The advice from the General Medical Council (GMC), which comes into effect today, is designed to give doctors confidence to act when they need to and makes clear where they can turn for support.
The guidance, Protecting Children and Young People: the Responsibilities of All Doctors, was produced following a two-year working group chaired by senior family judge Lord Justice Thorpe after hearing evidence from a range of child protection experts.
It comes as a survey by website Netmums, which the GMC commissioned, found that 94 per cent of parents agreed that doctors had a duty to find out if a child was at risk – even when they were only treating adult patients.
Some 1,500 people responded to the survey that looked at their experiences of when their child was taken ill or injured and how they thought doctors should act if they suspected abuse or neglect.
The guidance makes clear that if doctors are treating an adult patient, they must consider whether the patient poses a risk to children or young people.
Doctors must be able to identify risk factors in a patient’s environment that might raise concerns about abuse or neglect.

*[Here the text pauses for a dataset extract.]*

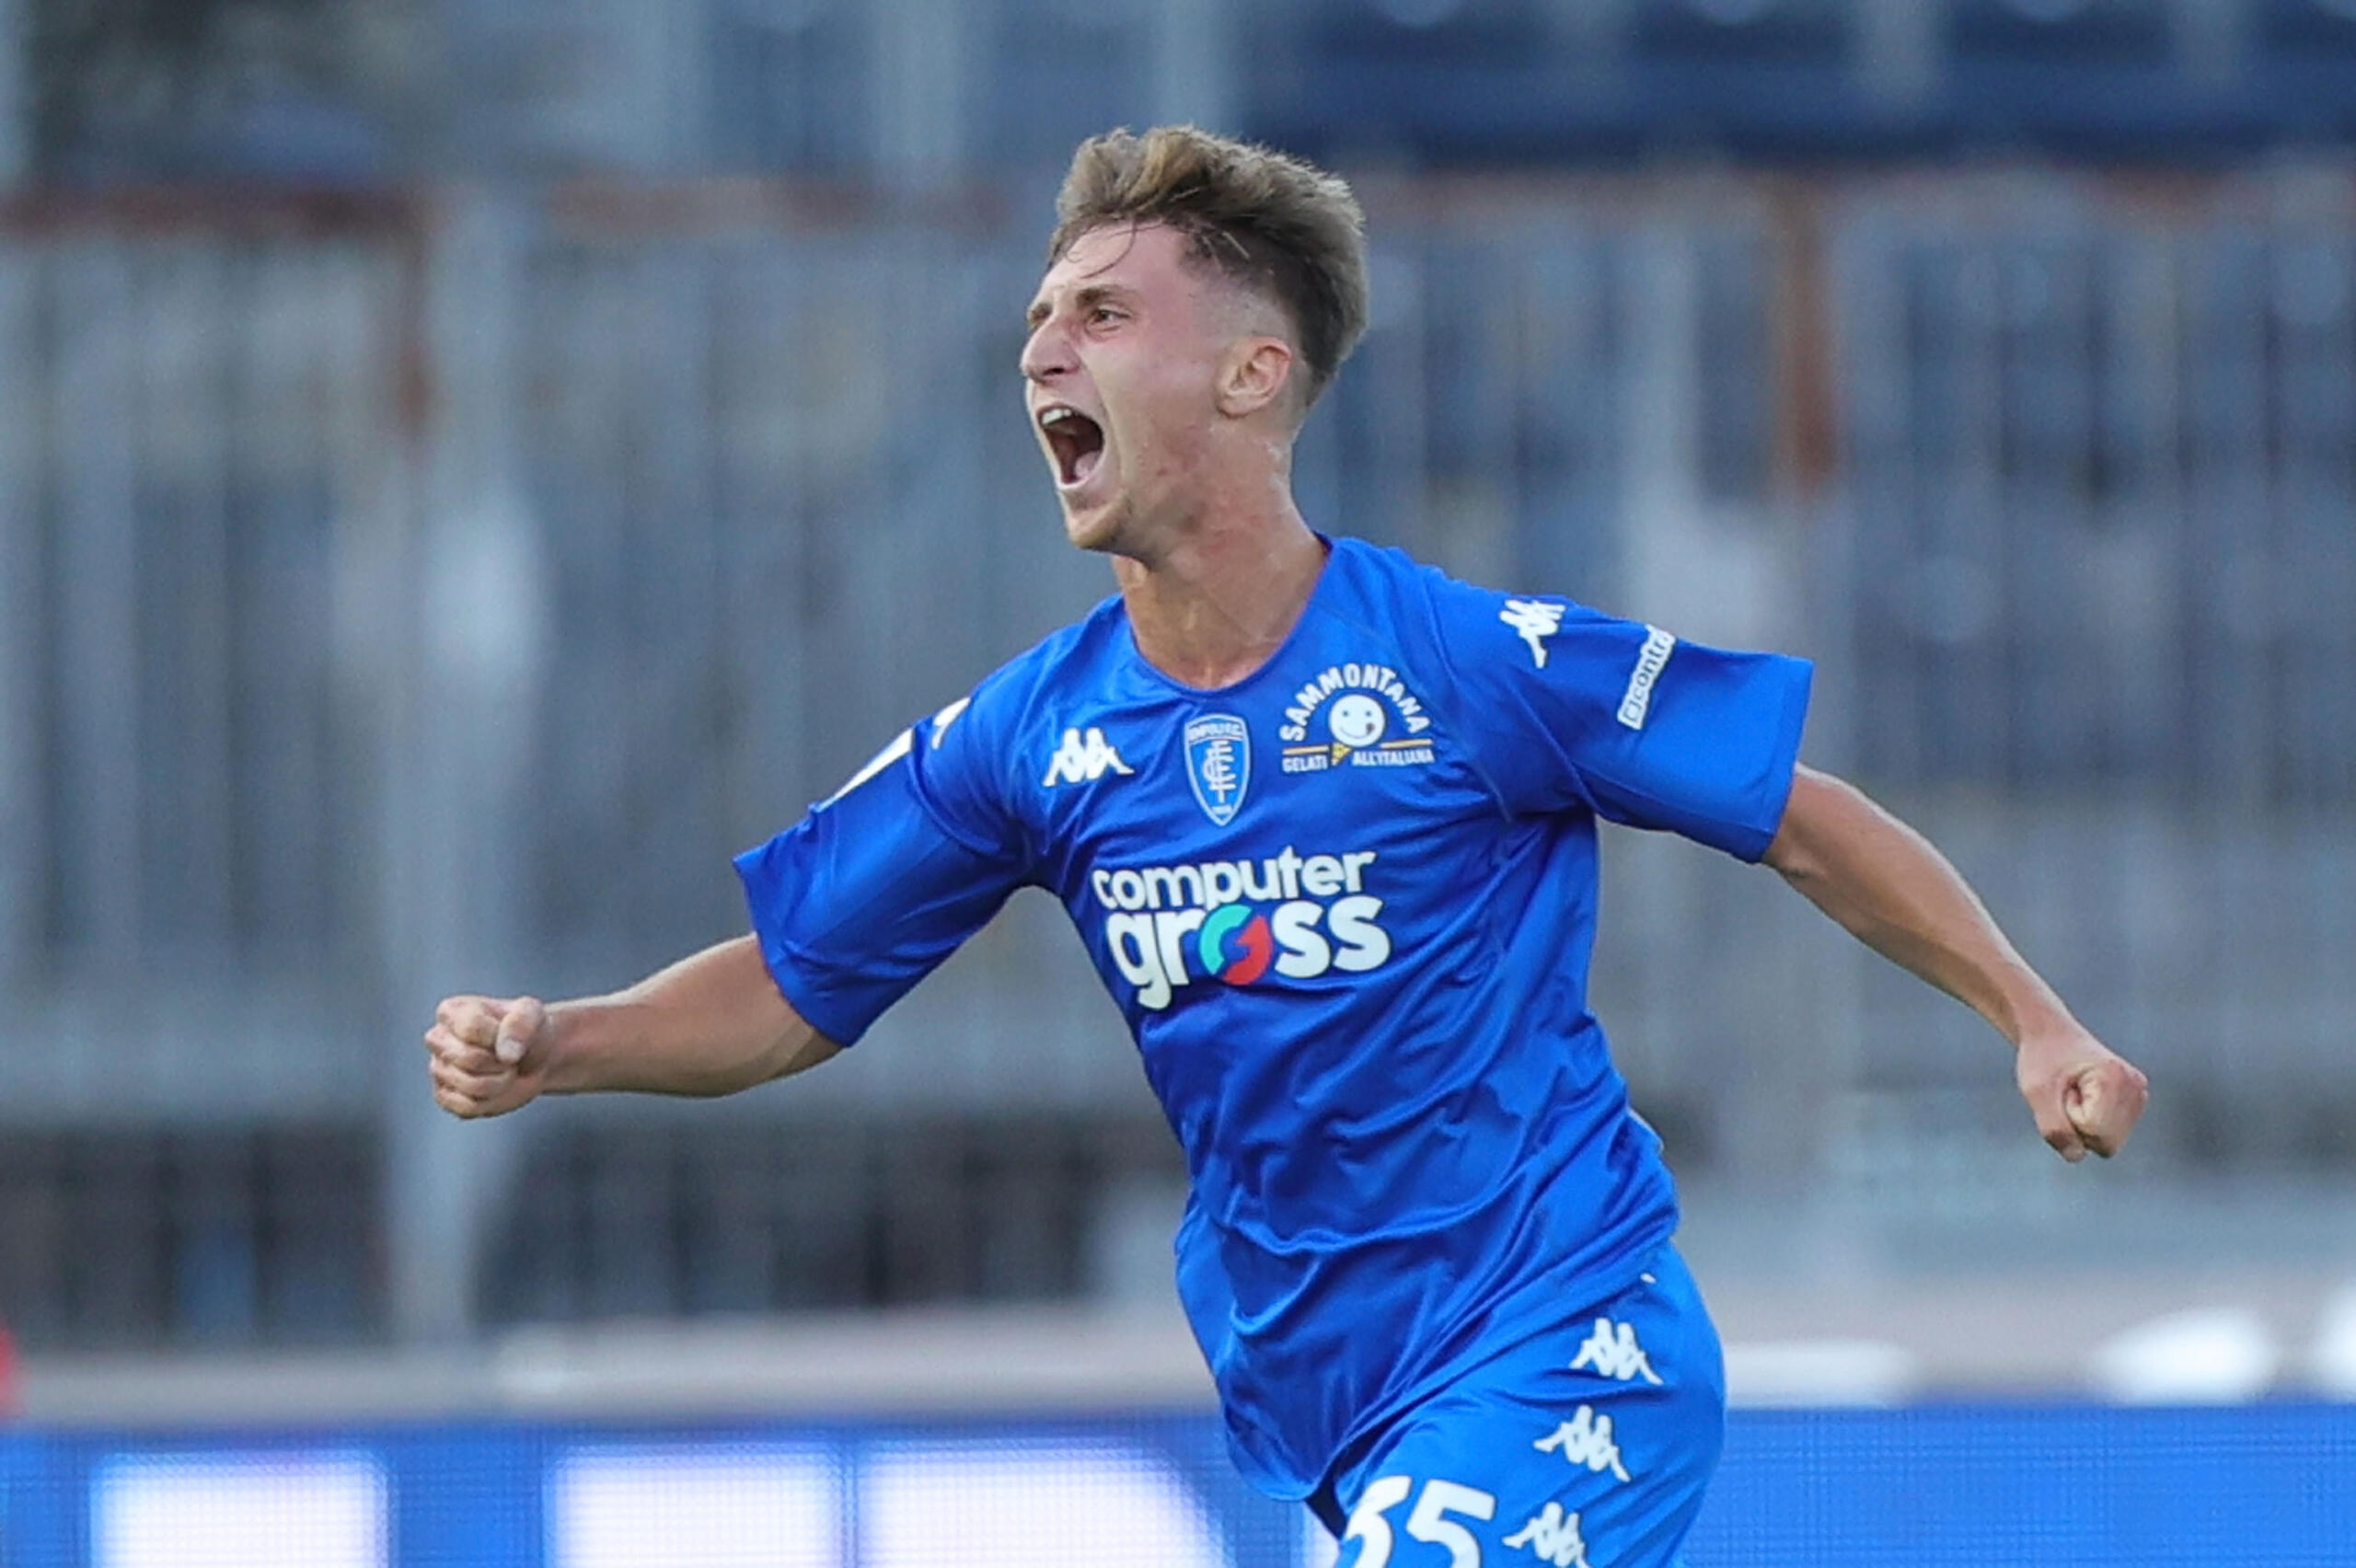 Empoli would like to keep Tommaso Baldanzi until the end of the season, but he’s not completely untouchable, as normal for a minnow.
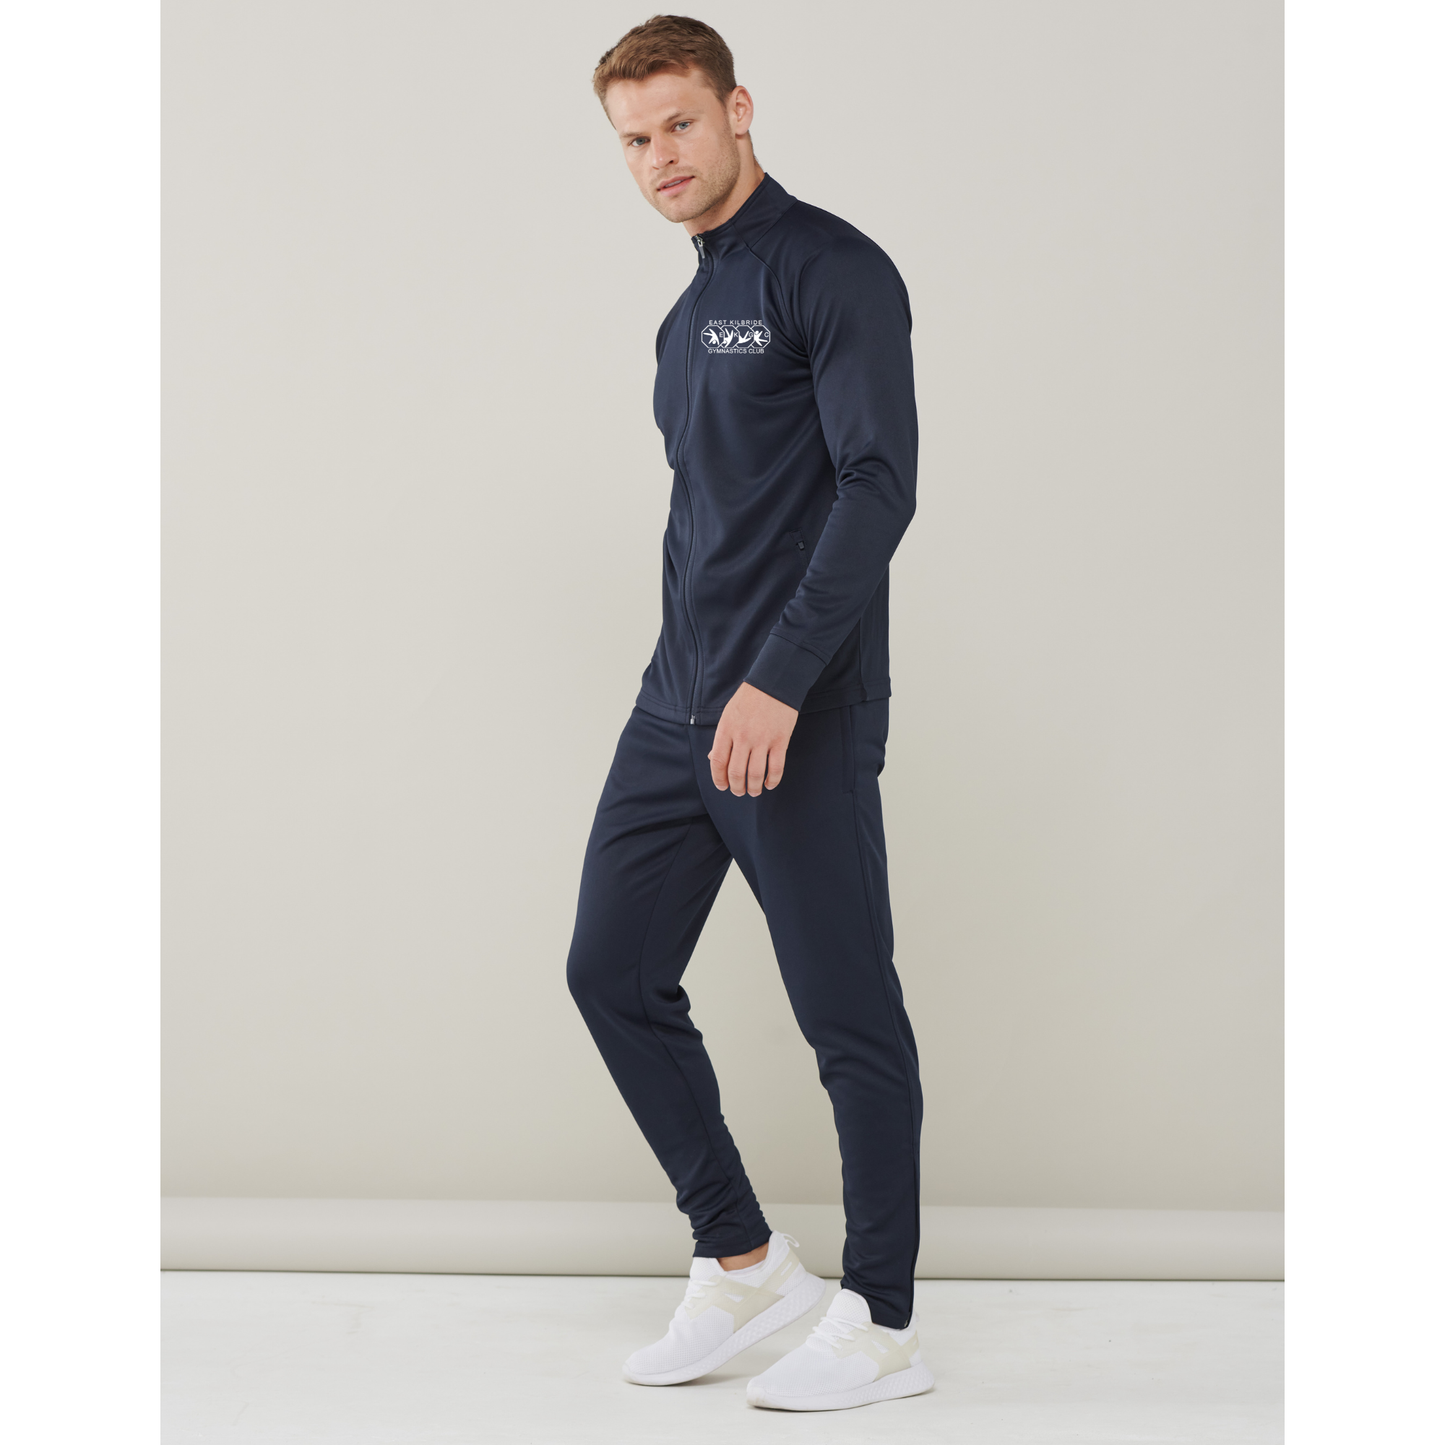 EKGC Competition Tracksuit Top ONLY - Full Zip

They must also listen to parents and children, recognise parents’ understanding of their children and keep an open mind about the possible cause of an injury or other sign that may indicate abuse or neglect.
The GMC has also produced a short guide for parents to help them understand what they can expect from their doctor when child protection concerns are raised.
GMC chief executive Niall Dickson said: “Child protection is a difficult area of practice, complicated by uncertainty and often very emotionally challenging.
“Parents and carers need to have full confidence that if there are any issues raised about the safety of their child, their doctor will take the right course of action.
“Part and parcel of this is making sure that doctors communicate properly with both parents and children to convey any concerns they may have.
“Our new guidance will help guide doctors toward making the correct decisions in this challenging but essential area of work.”
Sally Russell, co-founder of Netmums, said: “It’s not surprising to see that almost all who responded to the survey would want their doctor to talk to them immediately if they had any such suspicions.
“It is great to see that the GMC is providing guidance on the crucial issue of child protection, and that it has underlined the importance of being open with parents.”
More than nine out of 10 parents (94 per cent) think doctors have a duty to find out if a child is at risk of abuse or neglect, the Netmums survey found.
A majority (86 per cent) said doctors should take action if they suspected a child was being neglected or abused but had no proof, the survey said.
Of these, more than half felt that doctors should raise child protection concerns with parents and the same proportion felt that doctors should talk to the child.
Almost all of the 1,500 respondents said doctors should take steps to find out whether a child was at risk if they thought the parents were abusing drugs or alcohol.